Ubuntuのrsyncで自動バックアップシステムを作る方法

ストレージ

UbuntuでバックアップといえばCPコマンドを思い浮かべる方も多いですが、rsyncを使うと「変更されたファイルだけを転送する」差分バックアップが実現できます。実際に検証してみると、初回フルバックアップ後の2回目実行では転送量がほぼゼロになり(speedup 63,937倍)、サーバーへの負荷も通信量も大幅に削減できることが分かりました。

この記事では Ubuntu 24.04 LTS を使って、rsyncのインストールから自動バックアップの設定まで、実際にコンテナで動かした実測データをもとに解説します。

この記事のポイント

  • sudo apt install rsync 1コマンドで導入できる(バージョン 3.2.7、Ubuntu 24.04 標準)
  • 差分バックアップの効率が圧倒的:変更ファイルのみ転送し、初回の 63,937倍 高速になる(実測)
  • cron か systemd timer でスケジュール実行し、完全に自動化できる
  • --delete オプションで「バックアップ先にだけある古いファイルを自動削除」できるが、誤操作に注意
  • VPSにSSHで接続してリモートバックアップにも応用できる

動作確認環境

本記事のコマンドはすべて Ubuntu 24.04 LTS(Docker公式イメージ ubuntu:24.04)で実際に実行し、その stdout を掲載しています。

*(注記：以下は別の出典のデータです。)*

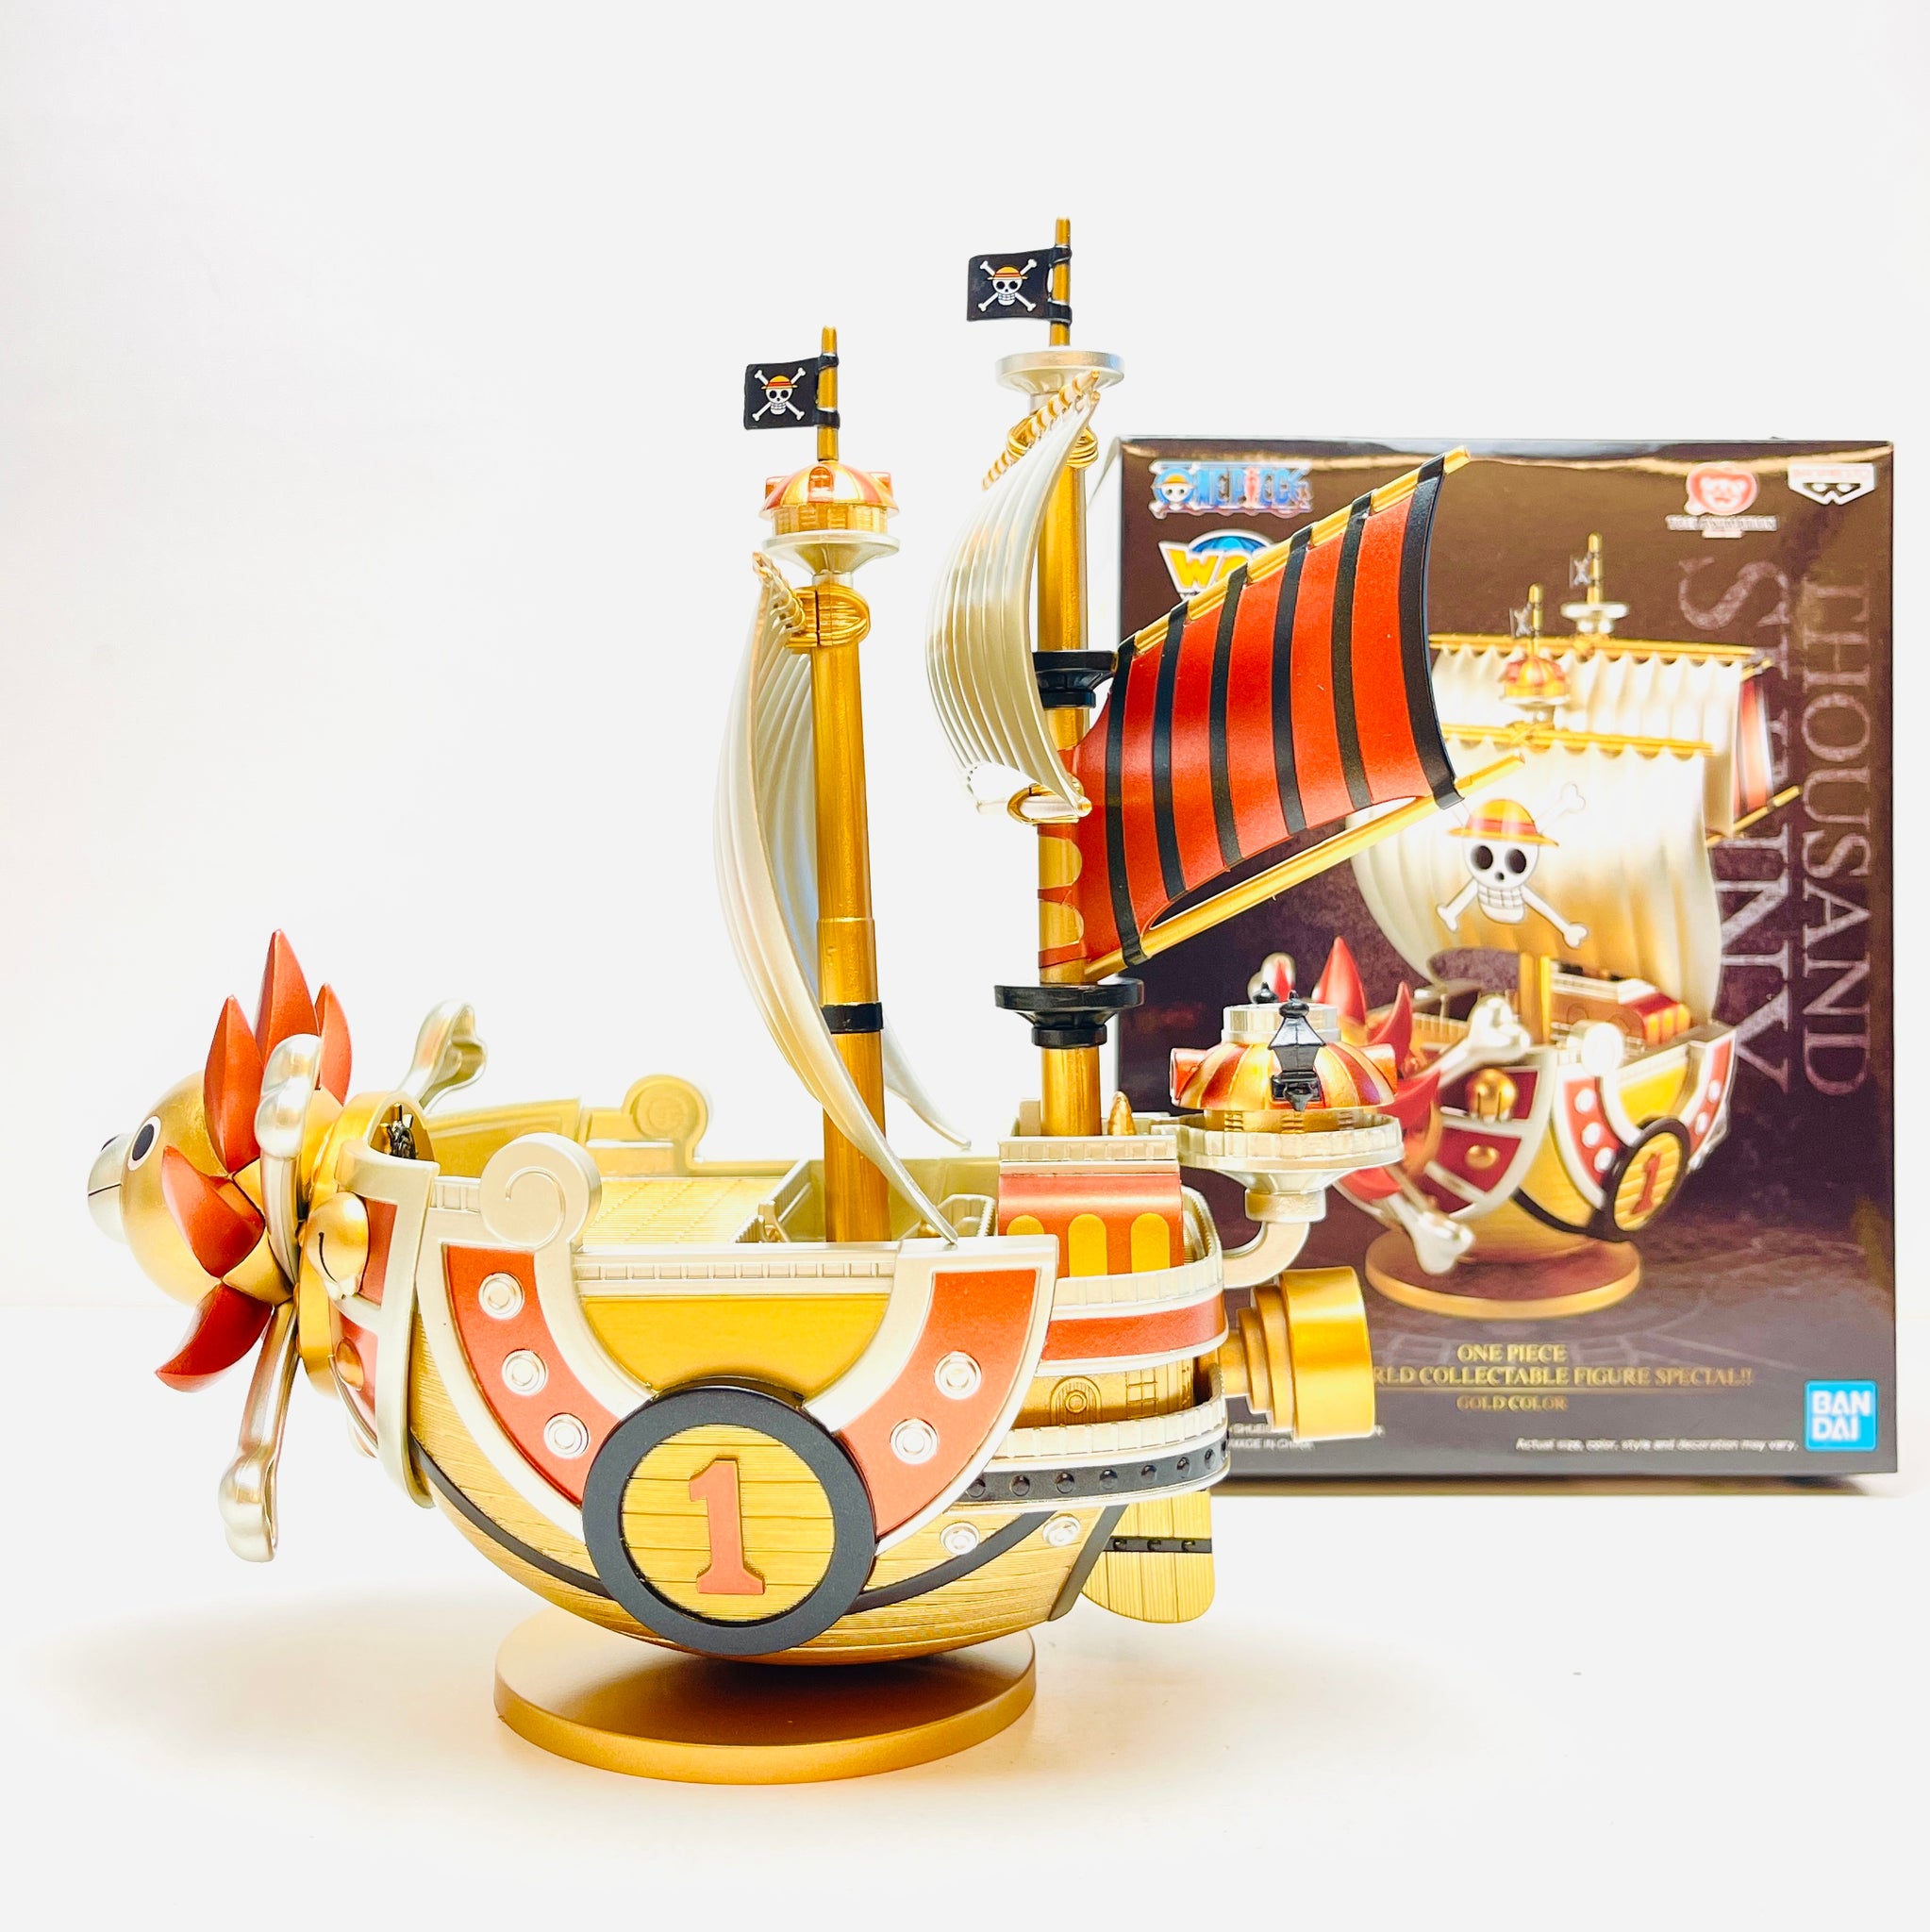 Estátua Banpresto One Piece Mega World Collectable Gold Color - Thousand  Sunny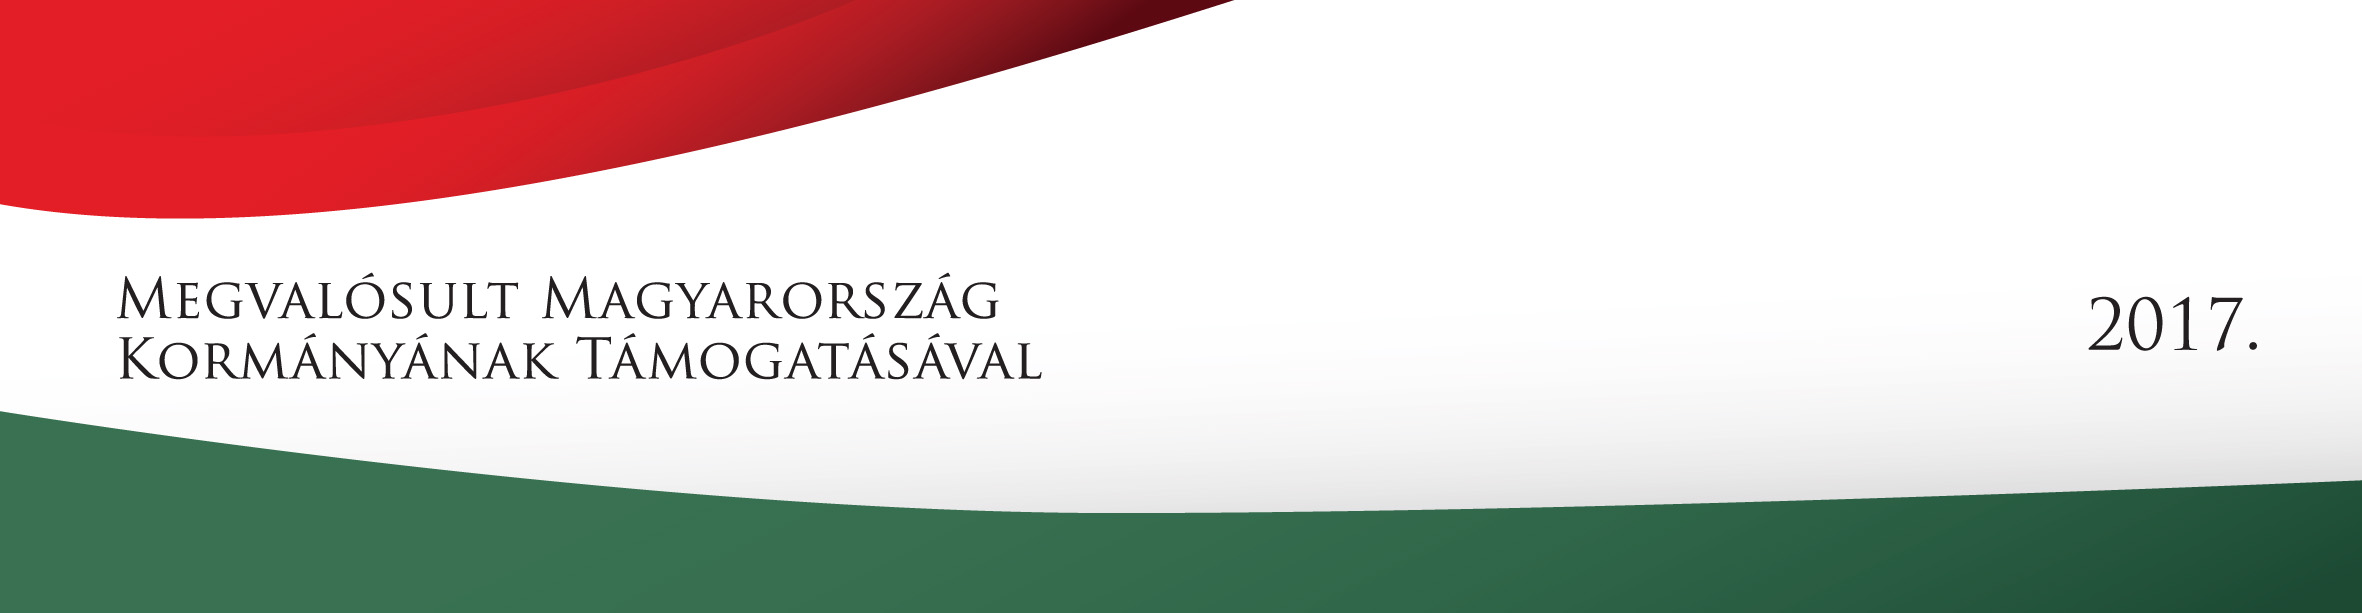 Megvalósult Magyarország Kormányának Támogatásával 2017 logó

Ubuntu 22.04 でも rsync 3.2.7 が利用可能です(バージョン比較は後述)。

目次

  1. rsyncとは何か
  2. rsyncのインストール
  3. 基本的な構文とよく使うオプション
  4. バックアップスクリプトを作る
  5. cronで毎日自動バックアップ
  6. systemd timerで自動バックアップ
  7. Ubuntu 22.04 vs 24.04 バージョン比較
  8. よくあるエラーと解決策
  9. まとめ

rsyncとは何か

rsync(remote sync)は、ローカルとリモートのあいだでファイルを高効率に同期するコマンドです。1996年にAndrew Tridgellが開発し、現在もLinux/Unix環境でバックアップの定番ツールとして使われ続けています。

普通の cp コマンドとの最大の違いは、「差分転送アルゴリズム」を使っている点です。ファイルをブロック単位で比較し、変更があった部分だけを転送します。実際に Ubuntu 24.04 のコンテナで検証すると、初回バックアップ後に2ファイルだけ変更した場合、転送量がほぼゼロになりました。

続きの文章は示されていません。